▸ **Source information**:
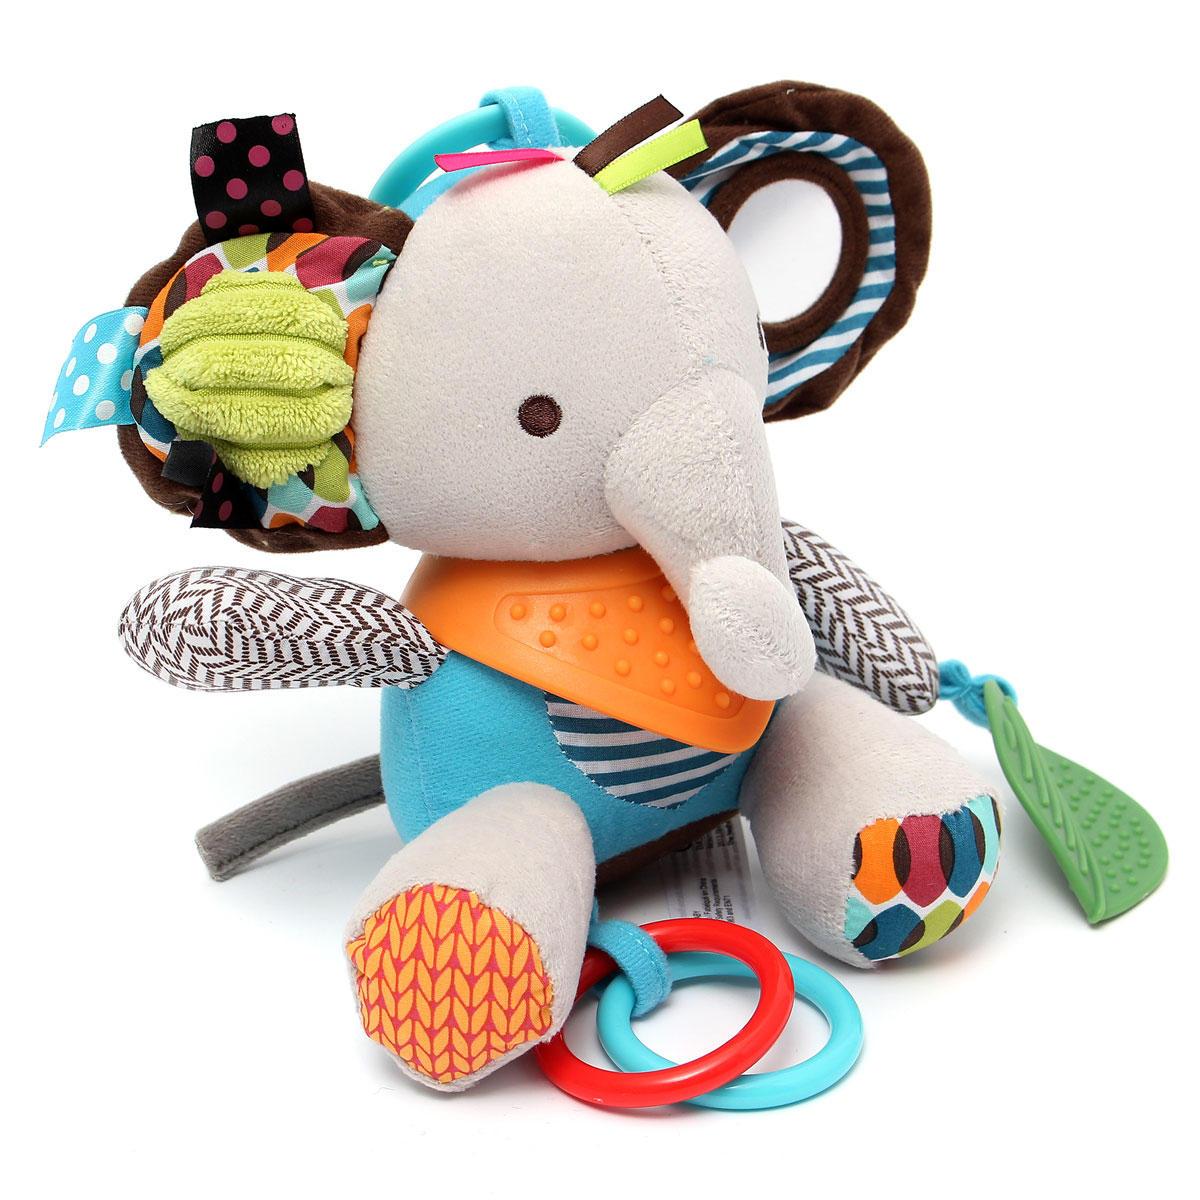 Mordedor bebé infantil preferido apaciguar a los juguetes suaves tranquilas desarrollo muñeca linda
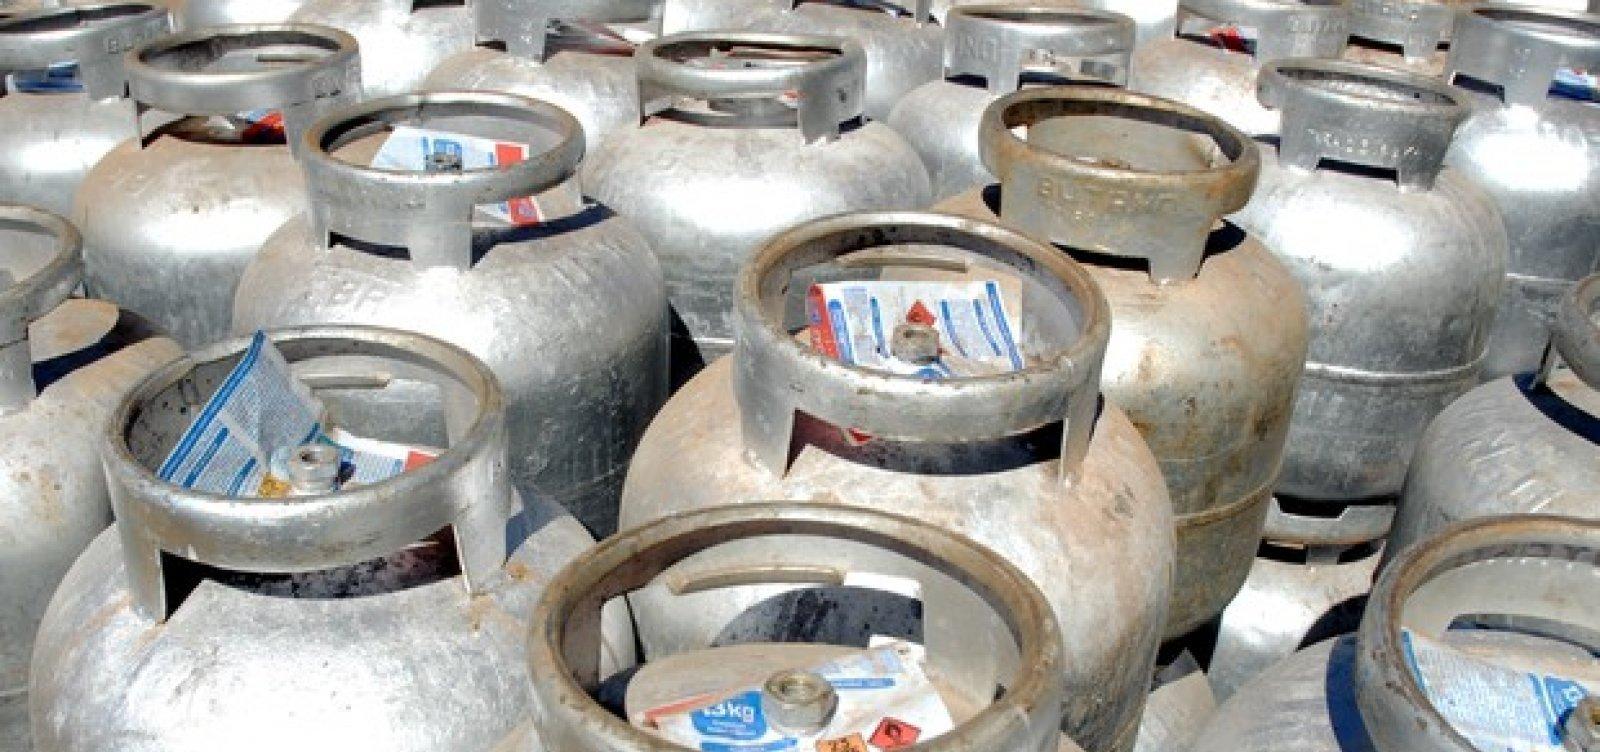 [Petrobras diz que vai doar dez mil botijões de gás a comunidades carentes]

* * *

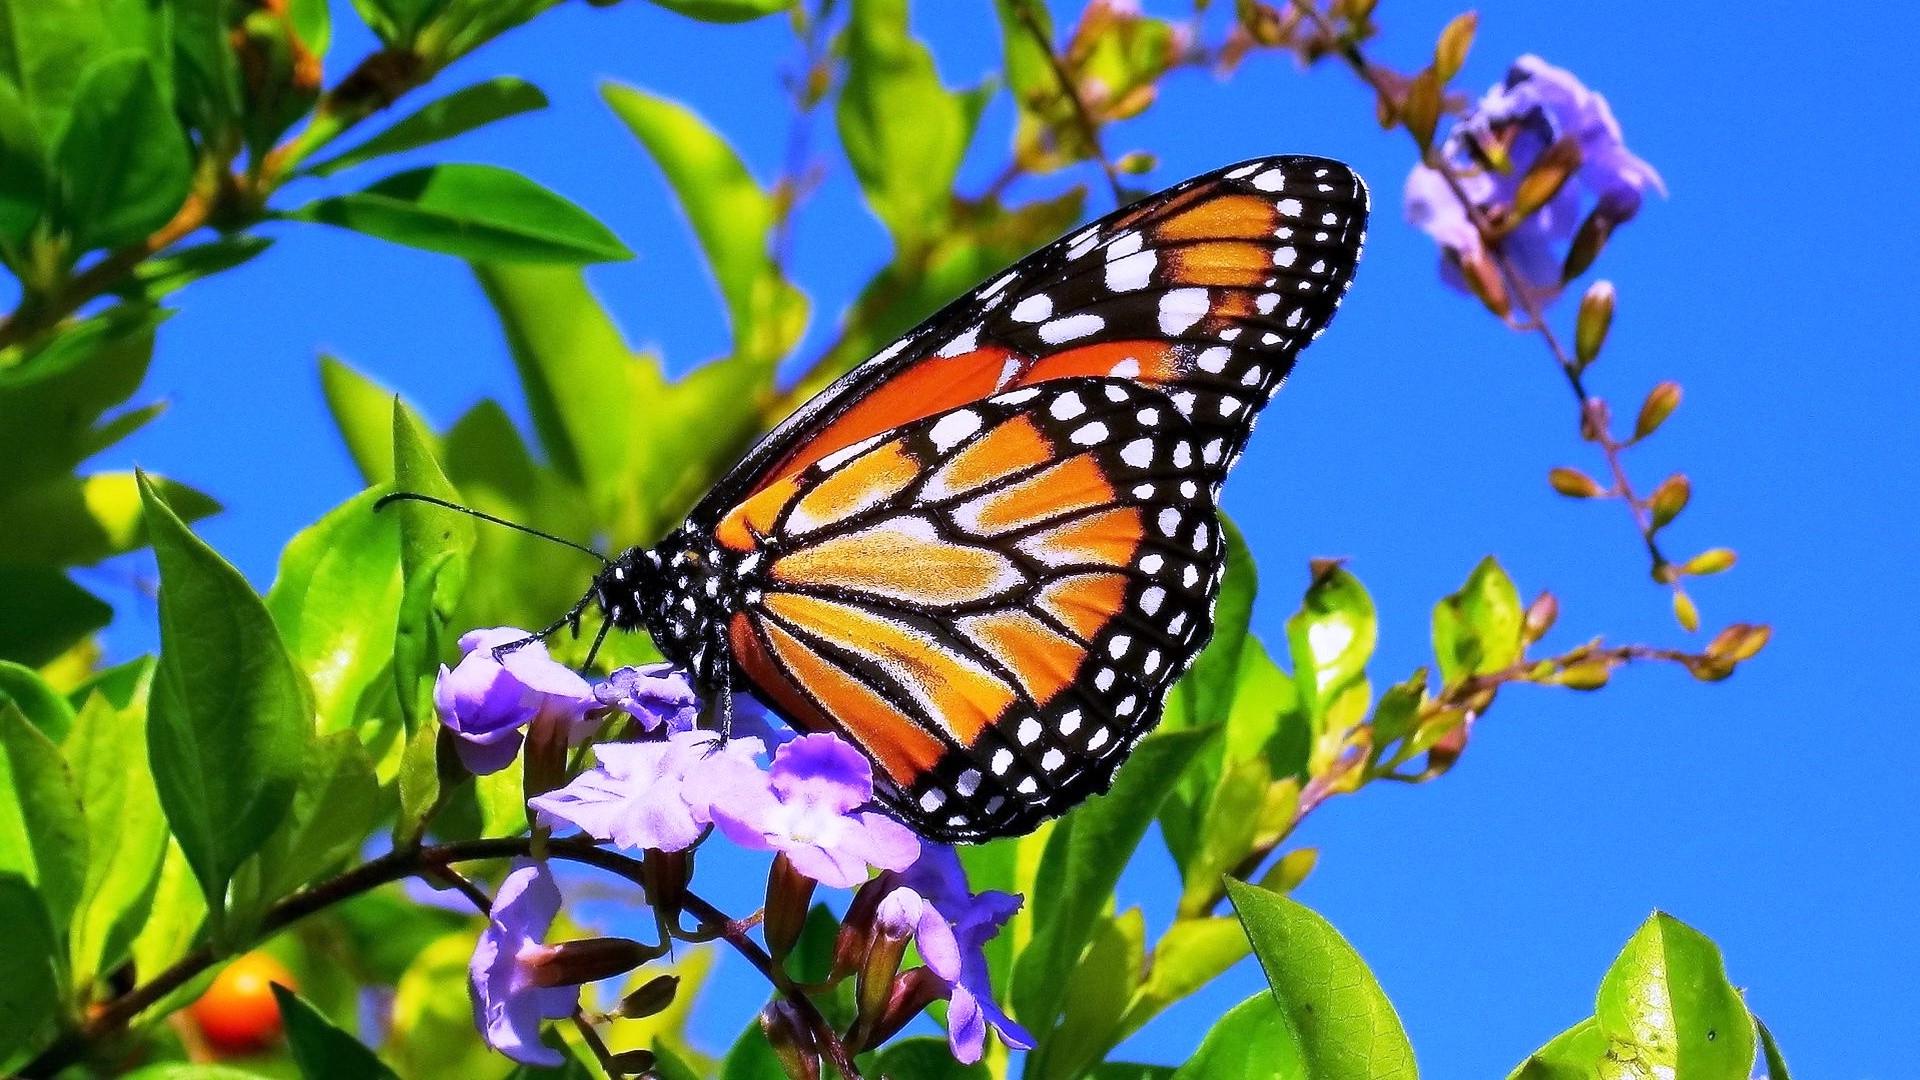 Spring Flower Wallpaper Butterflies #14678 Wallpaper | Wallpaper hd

▸ **Action item**: The reply should hold the entries above from the line with "Mordedor bebé infantil" to the line with "[Petrobras diz que", duplicated exactly, pictures excluded.

▸ **Response**:
 Mordedor bebé infantil preferido apaciguar a los juguetes suaves tranquilas desarrollo muñeca linda
 [Petrobras diz que vai doar dez mil botijões de gás a comunidades carentes]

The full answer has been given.